Combining electrical and optical measurements on voltage-gated sodium channel toxins

Ion channels in the membranes of neuronal cells are the key regulators of neuronal signaling. An ion channel works as a gate that can open and close to allow specific molecules to enter or leave the cell. One important type of ion channels are voltage-gated sodium channels (NaVs), which are essential for many processes in our brain. Malfunction of NaVs has been ascribed to a number of diseases, including neuropathic pain and epilepsy. Furthermore, they are key medical targets for local anesthetics and pain medication, as well as the target of dangerous natural toxins.

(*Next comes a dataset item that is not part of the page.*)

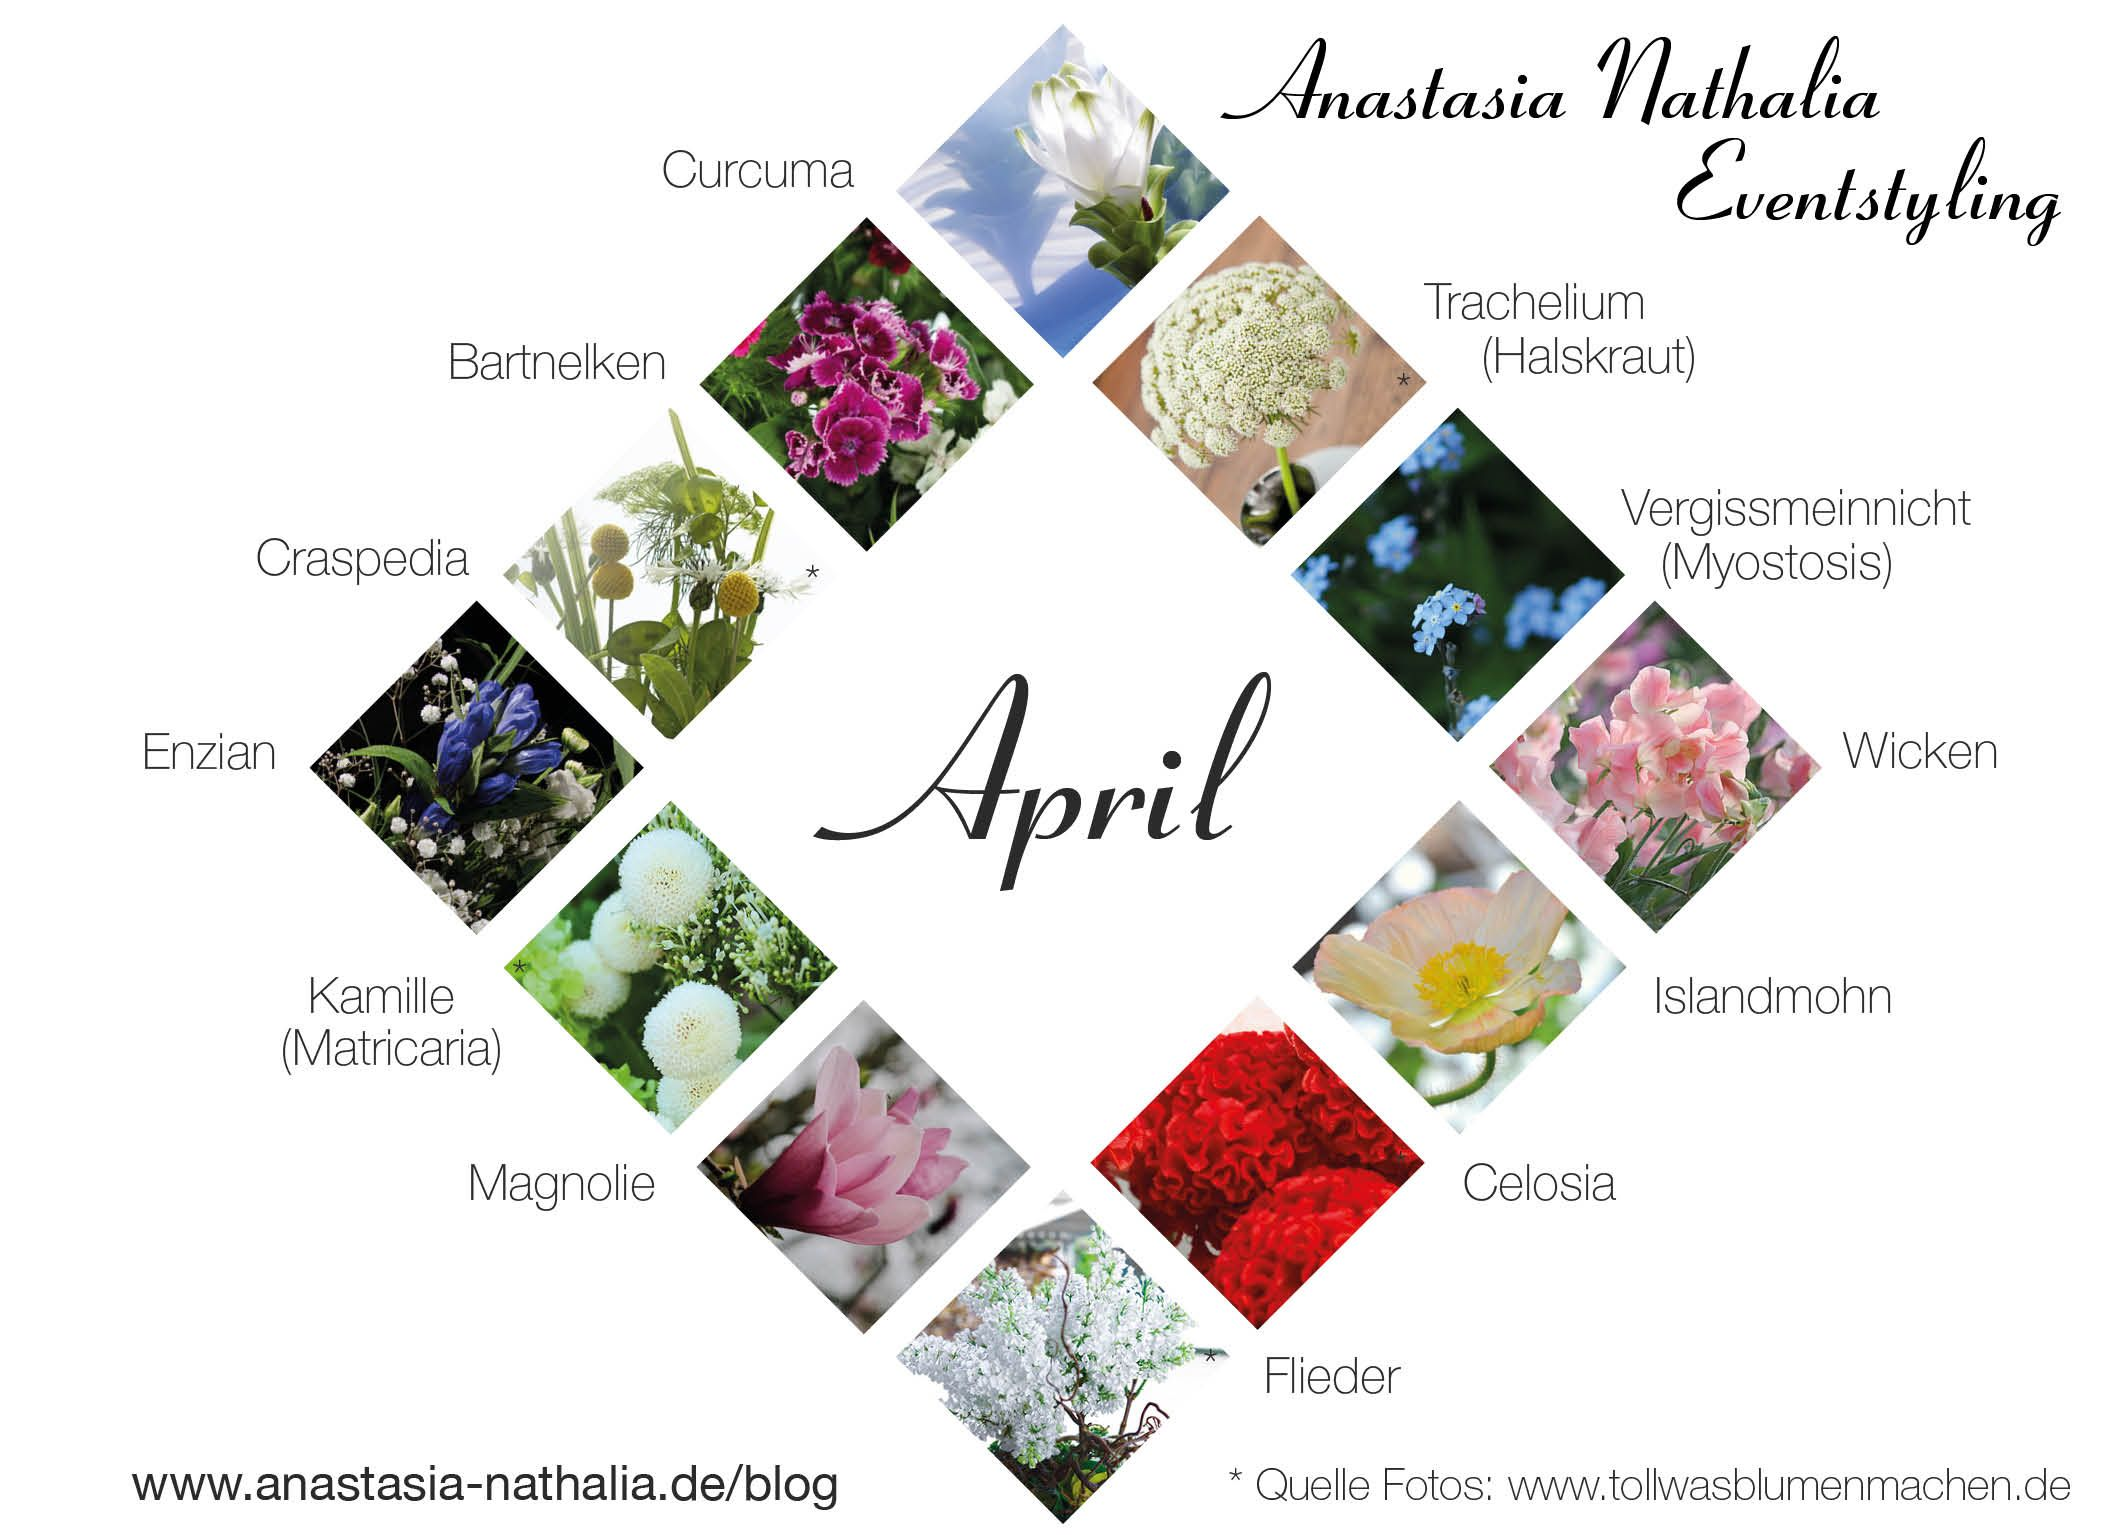 Blumen April Fruhling Floristik Hochzeit Hochzeitsblumen Monat Enzian Islandmohn Magnolie Flieder Oktober Blumen Hochzeitsblumen Oktober Hochzeit

Although we can target NaVs with drugs, we still don’t fully understand how NaVs work and how certain toxins or drugs open or lock the ion channel gate. The problem is that it is technically challenging to combine techniques probing the function of an ion channel, like electrophysiology, with techniques that provide information about the structure of the channel and the position of toxin binding.

My goal is to understand the mechanism of activation and blocking of ion channels by toxins and drugs. I developed a chip in which I can perform both ultra-high resolution fluorescence microscopy and electrical measurements on single, functional ion channels in a well-controlled environment. This enables me to study both changes in structure and function of ion channels upon toxin or drug binding.

The toxin I am currently interested in is batrachotoxin (BTX), a toxin from poisonous frogs. When BTX binds to NaVs, it keeps the ion channel in the open position. Recently, our collaborators in the Du Bois lab made and modified BTX. They found that small chemical changes of the BTX molecule resulted in changes in its functionality, and even in a change of its function from an activator, keeping the channel open, into a blocker of NaVs.

Using the chip that I developed, I will analyze the binding of BTX and various modified BTX molecules to NaVs, and the effect of BTX binding on the function of the ion channel. A better understanding of the dynamics of NaVs and toxin binding is essential to understand how NaV activity can be influenced. In the future, the chip can also be used to study other ion channels, drugs and toxins. This will not only increase our knowledge of ion channel gating and blocking, but also provide a way forward to design better and more specific drugs.